→ **EXERCISE BRIEF**
From the data below, return all lines holding the string "Vector".
========================================
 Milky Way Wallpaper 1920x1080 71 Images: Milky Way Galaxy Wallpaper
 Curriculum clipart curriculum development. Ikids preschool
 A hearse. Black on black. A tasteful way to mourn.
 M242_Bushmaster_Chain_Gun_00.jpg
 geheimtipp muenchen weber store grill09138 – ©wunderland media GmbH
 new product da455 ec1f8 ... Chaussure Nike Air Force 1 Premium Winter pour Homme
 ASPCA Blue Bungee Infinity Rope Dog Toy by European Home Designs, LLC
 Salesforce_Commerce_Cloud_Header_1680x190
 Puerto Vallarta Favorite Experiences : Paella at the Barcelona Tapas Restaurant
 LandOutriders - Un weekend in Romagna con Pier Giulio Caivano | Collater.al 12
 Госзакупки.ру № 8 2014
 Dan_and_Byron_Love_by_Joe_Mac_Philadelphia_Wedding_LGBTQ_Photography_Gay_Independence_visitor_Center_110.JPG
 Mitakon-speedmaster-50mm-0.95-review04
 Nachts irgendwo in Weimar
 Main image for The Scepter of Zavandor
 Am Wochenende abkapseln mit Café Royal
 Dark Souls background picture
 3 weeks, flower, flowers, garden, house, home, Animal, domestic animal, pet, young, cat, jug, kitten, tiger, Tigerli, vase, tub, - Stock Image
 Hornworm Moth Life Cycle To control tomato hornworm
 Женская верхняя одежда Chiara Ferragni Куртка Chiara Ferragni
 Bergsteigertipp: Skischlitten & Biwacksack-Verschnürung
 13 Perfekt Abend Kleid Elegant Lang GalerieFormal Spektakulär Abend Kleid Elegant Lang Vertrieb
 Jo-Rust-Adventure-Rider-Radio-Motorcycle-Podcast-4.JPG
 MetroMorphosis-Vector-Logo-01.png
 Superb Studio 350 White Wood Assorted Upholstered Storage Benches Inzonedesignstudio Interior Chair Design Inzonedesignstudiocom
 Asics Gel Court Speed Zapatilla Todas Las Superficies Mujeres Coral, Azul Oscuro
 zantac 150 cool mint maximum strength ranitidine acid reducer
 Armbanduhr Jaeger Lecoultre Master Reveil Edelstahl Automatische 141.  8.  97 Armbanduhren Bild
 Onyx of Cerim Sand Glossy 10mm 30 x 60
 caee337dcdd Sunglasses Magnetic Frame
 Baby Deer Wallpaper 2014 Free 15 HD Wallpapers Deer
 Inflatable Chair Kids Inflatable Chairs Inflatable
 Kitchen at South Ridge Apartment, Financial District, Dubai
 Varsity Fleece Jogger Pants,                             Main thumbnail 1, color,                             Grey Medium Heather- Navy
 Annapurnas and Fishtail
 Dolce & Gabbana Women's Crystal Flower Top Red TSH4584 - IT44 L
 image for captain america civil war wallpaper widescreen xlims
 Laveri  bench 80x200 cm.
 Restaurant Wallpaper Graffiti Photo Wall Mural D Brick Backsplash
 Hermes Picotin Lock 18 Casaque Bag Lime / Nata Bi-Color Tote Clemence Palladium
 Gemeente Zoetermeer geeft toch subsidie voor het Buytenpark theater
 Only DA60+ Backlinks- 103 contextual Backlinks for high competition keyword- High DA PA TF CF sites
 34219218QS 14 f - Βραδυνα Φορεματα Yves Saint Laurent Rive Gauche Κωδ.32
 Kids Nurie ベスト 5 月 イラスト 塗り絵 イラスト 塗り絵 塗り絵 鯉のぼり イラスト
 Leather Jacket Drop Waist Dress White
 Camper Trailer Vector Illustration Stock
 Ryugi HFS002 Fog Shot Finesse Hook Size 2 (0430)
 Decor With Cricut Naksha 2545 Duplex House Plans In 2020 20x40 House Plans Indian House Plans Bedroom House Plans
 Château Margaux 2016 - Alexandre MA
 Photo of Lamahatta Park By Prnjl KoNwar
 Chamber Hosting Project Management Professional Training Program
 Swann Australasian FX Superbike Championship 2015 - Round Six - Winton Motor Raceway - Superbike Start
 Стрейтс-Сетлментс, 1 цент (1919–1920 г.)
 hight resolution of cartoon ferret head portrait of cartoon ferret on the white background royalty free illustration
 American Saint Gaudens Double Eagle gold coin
========================================
→ **YOUR SOLUTION**
 MetroMorphosis-Vector-Logo-01.png
 Camper Trailer Vector Illustration Stock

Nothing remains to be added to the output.